Bruin Jennifer E, Erener Suheda, Vela Javier, Hu Xiaoke, Johnson James D, Kurata Harley T, Lynn Francis C, Piret James M, Asadi Ali, Rezania Alireza, Kieffer Timothy J
Laboratory of Molecular and Cellular Medicine, Department of Cellular & Physiological Sciences, Life Sciences Institute, University of British Columbia, Vancouver, BC, Canada.
Laboratory of Molecular and Cellular Medicine, Department of Cellular & Physiological Sciences, Life Sciences Institute, University of British Columbia, Vancouver, BC, Canada; Department of Surgery, University of British Columbia, Vancouver, BC, Canada.
Stem Cell Res. 2014 Jan;12(1):194-208. doi: 10.1016/j.scr.2013.10.003. Epub 2013 Oct 16.

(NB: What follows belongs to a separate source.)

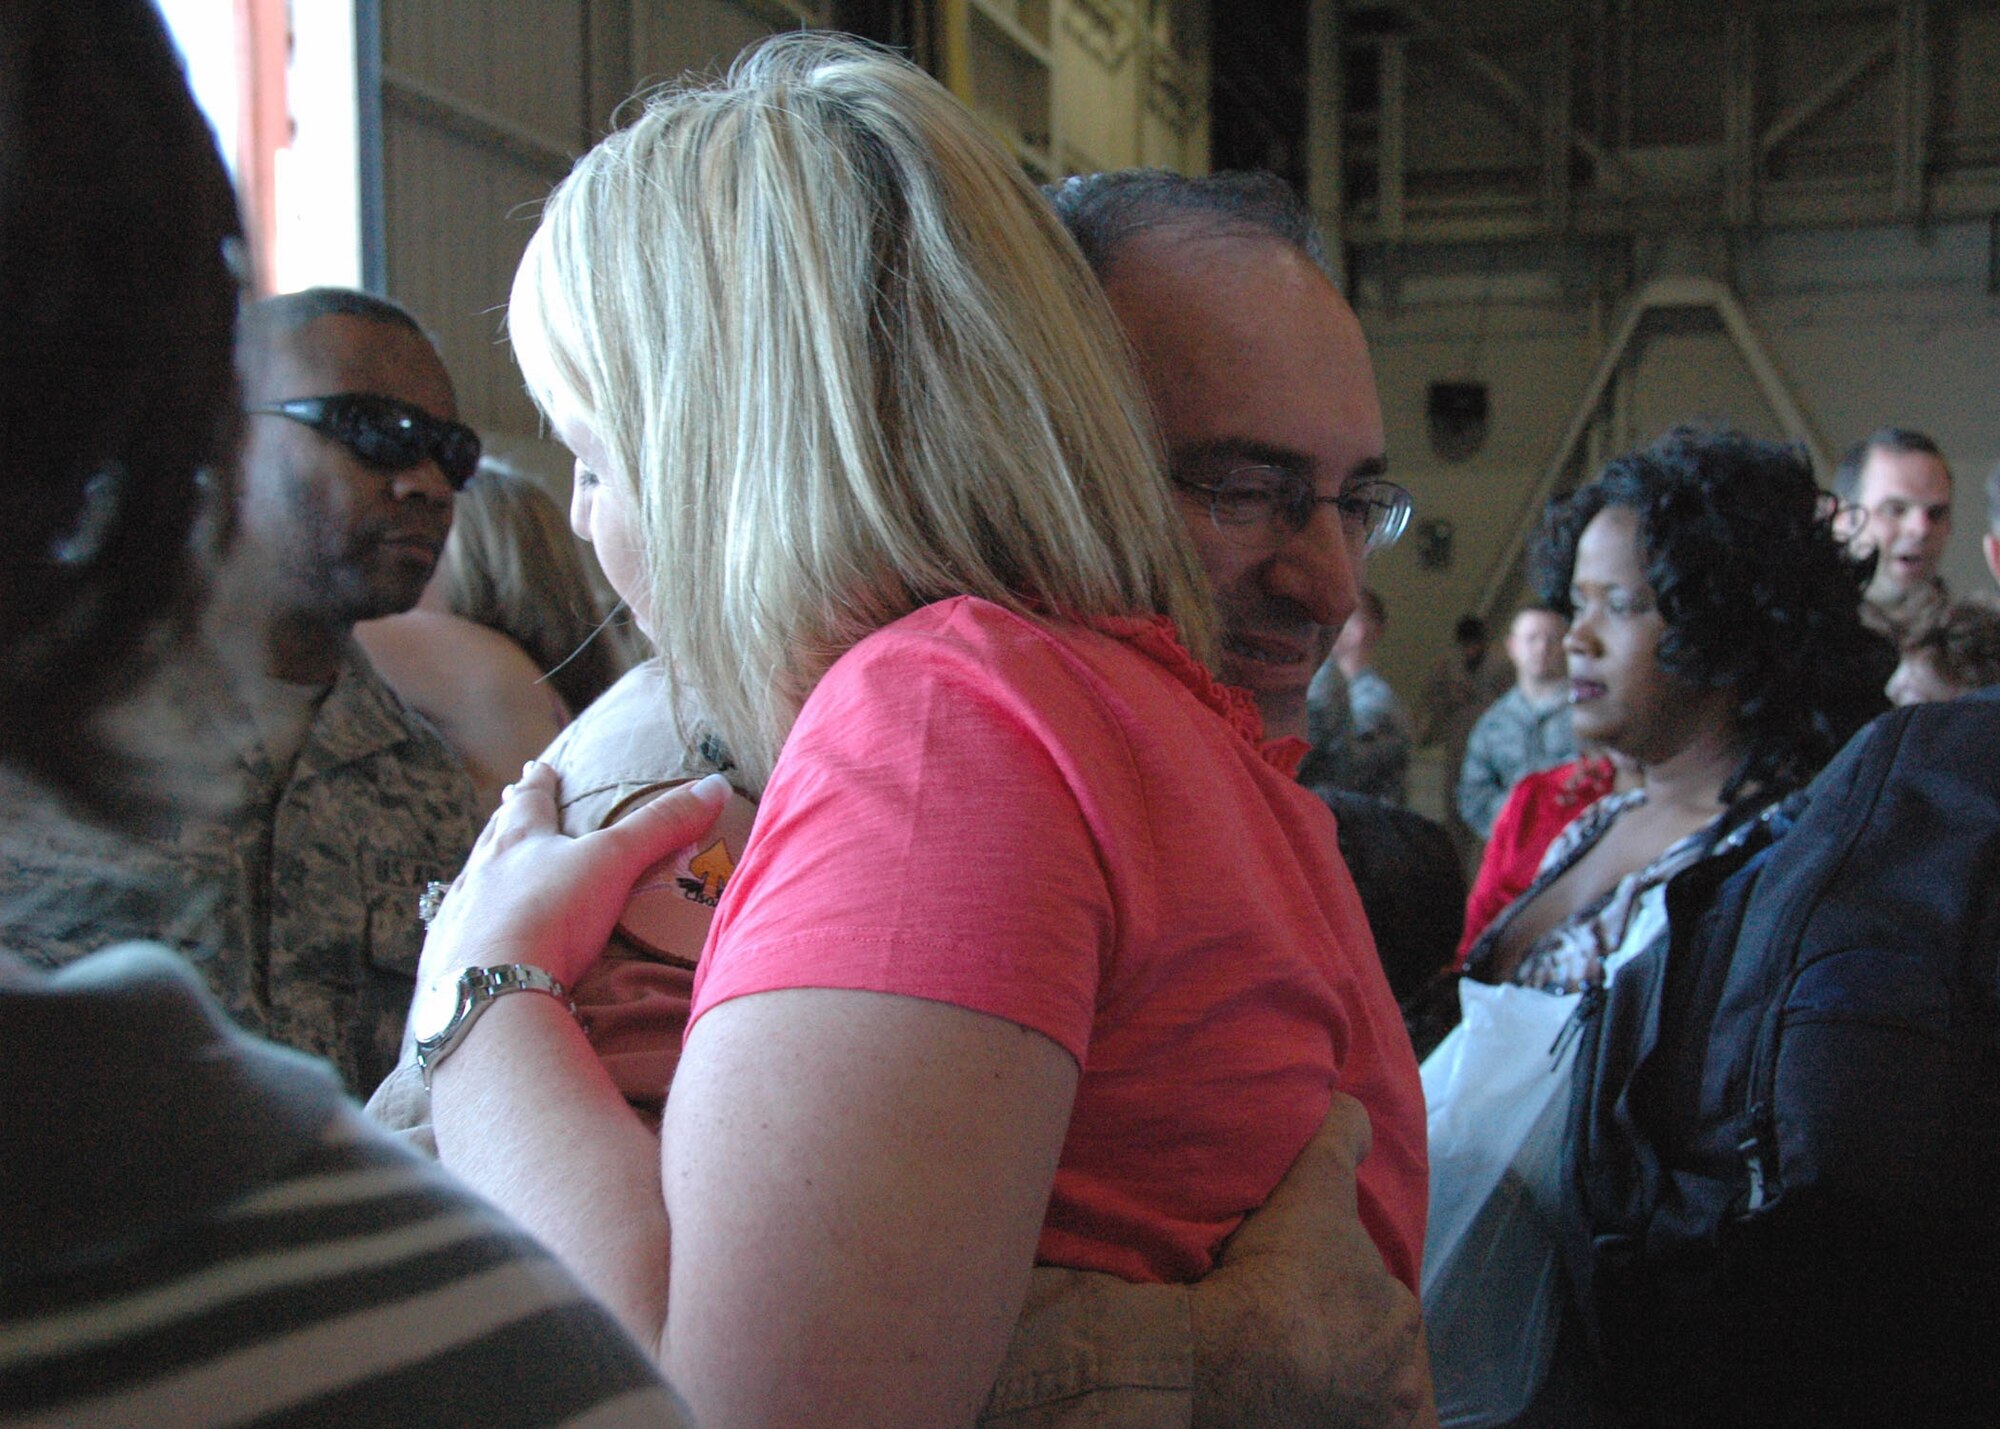 Air Force Reserve Lt. Col. Christopher Snider from Duke Field's 711th Special Operations Squadron hugs his wife Christina inside a hangar at Hurlburt Field April 6. Known as Operation Homecoming, the event reunited returning Duke Field and Hurlburt warfighters with family, fellow Airmen and local civic leaders following lengthy deployments in support of operations in Southwest Asia. (U.S. Air Force photo/Dan Neely)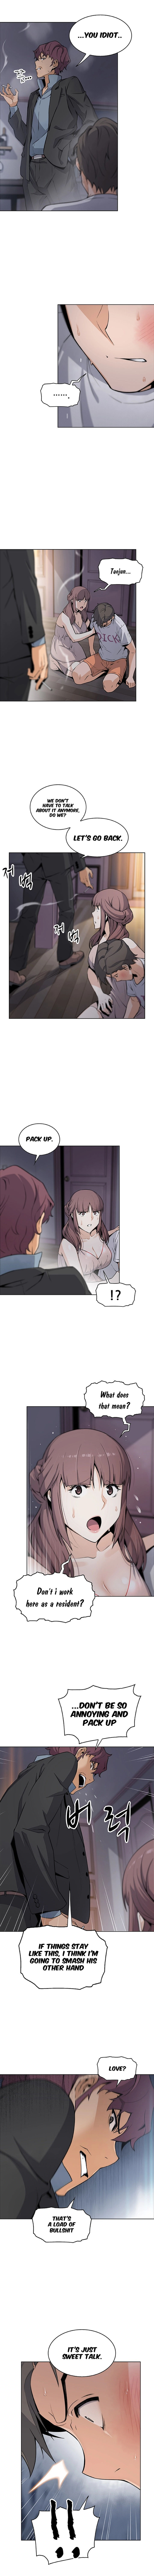 Housekeeper Manhwa - Chapter 38 Page 4

Human embryonic stem cells (hESCs) were used as a model system of human pancreas development to study characteristics of the polyhormonal cells that arise during fetal pancreas development. HESCs were differentiated into fetal-like pancreatic cells in vitro using a 33-day, 7-stage protocol. Cultures were ~90-95% PDX1-positive by day (d) 11 and 70-75% NKX6.1-positive by d17. Polyhormonal cells were scattered at d17, but developed into islet-like clusters that expressed key transcription factors by d33. Human C-peptide and glucagon secretion were first detected at d17 and increased thereafter in parallel with INS and GCG transcript levels. HESC-derived cells were responsive to KCl and arginine, but not glucose in perifusion studies. Compared to adult human islets, hESC-derived cells expressed ~10-fold higher levels of glucose transporter 1 (GLUT1) mRNA, but similar levels of glucokinase (GCK). In situ hybridization confirmed the presence of GLUT1 transcript within endocrine cells. However, GLUT1 protein was excluded from this population and was instead observed predominantly in non-endocrine cells, whereas GCK was co-expressed in insulin-positive cells. In rubidium efflux assays, hESC-derived cells displayed mild potassium channel activity, but no responsiveness to glucose, metabolic inhibitors or glibenclamide. Western blotting experiments revealed that the higher molecular weight SUR1 band was absent in hESC-derived cells, suggesting a lack of functional KATP channels at the cell surface. In addition, KATP channel subunit transcript levels were not at a 1:1 ratio, as would be expected (SUR1 levels were ~5-fold lower than KIR6.2). Various ratios of SUR1:KIR6.2 plasmids were transfected into COSM6 cells and rubidium efflux was found to be particularly sensitive to a reduction in SUR1. These data suggest that an impaired ratio of SUR1:KIR6.2 may contribute to the observed KATP channel defects in hESC-derived islet endocrine cells, and along with lack of GLUT1, may explain the absence of glucose-stimulated insulin secretion.
人类胚胎干细胞(hESCs)被用作人类胰腺发育的模型系统,以研究胎儿胰腺发育过程中出现的多激素细胞的特征。使用一个33天、7个阶段的方案在体外将hESCs分化为类胎儿胰腺细胞。到第11天,培养物中约90 - 95%为PDX1阳性,到第17天,70 - 75%为NKX6.1阳性。多激素细胞在第17天呈散在分布,但到第33天发育成表达关键转录因子的胰岛样簇。在第17天首次检测到人类C肽和胰高血糖素分泌,此后随着INS和GCG转录水平的升高而增加。在灌注研究中,hESC来源的细胞对氯化钾和精氨酸有反应,但对葡萄糖无反应。与成人胰岛相比,hESC来源的细胞表达的葡萄糖转运蛋白1(GLUT1)mRNA水平高约10倍,但葡萄糖激酶(GCK)水平相似。原位杂交证实内分泌细胞内存在GLUT1转录本。然而,GLUT1蛋白不在这群细胞中表达,而是主要在非内分泌细胞中观察到,而GCK在胰岛素阳性细胞中共表达。在铷外流试验中,hESC来源的细胞表现出轻度的钾通道活性,但对葡萄糖、代谢抑制剂或格列本脲无反应。蛋白质印迹实验显示,hESC来源的细胞中不存在较高分子量的SUR1条带,表明细胞表面缺乏功能性的KATP通道。此外,KATP通道亚基转录水平并非预期的1:1比例(SUR1水平比KIR6.2低约5倍)。将不同比例的SUR1:KIR6.2质粒转染到COSM6细胞中,发现铷外流对SUR1的减少特别敏感。这些数据表明,SUR1:KIR6.2比例受损可能导致hESC来源的胰岛内分泌细胞中观察到的KATP通道缺陷,并且与GLUT1的缺乏一起,可能解释了葡萄糖刺激的胰岛素分泌缺失的原因。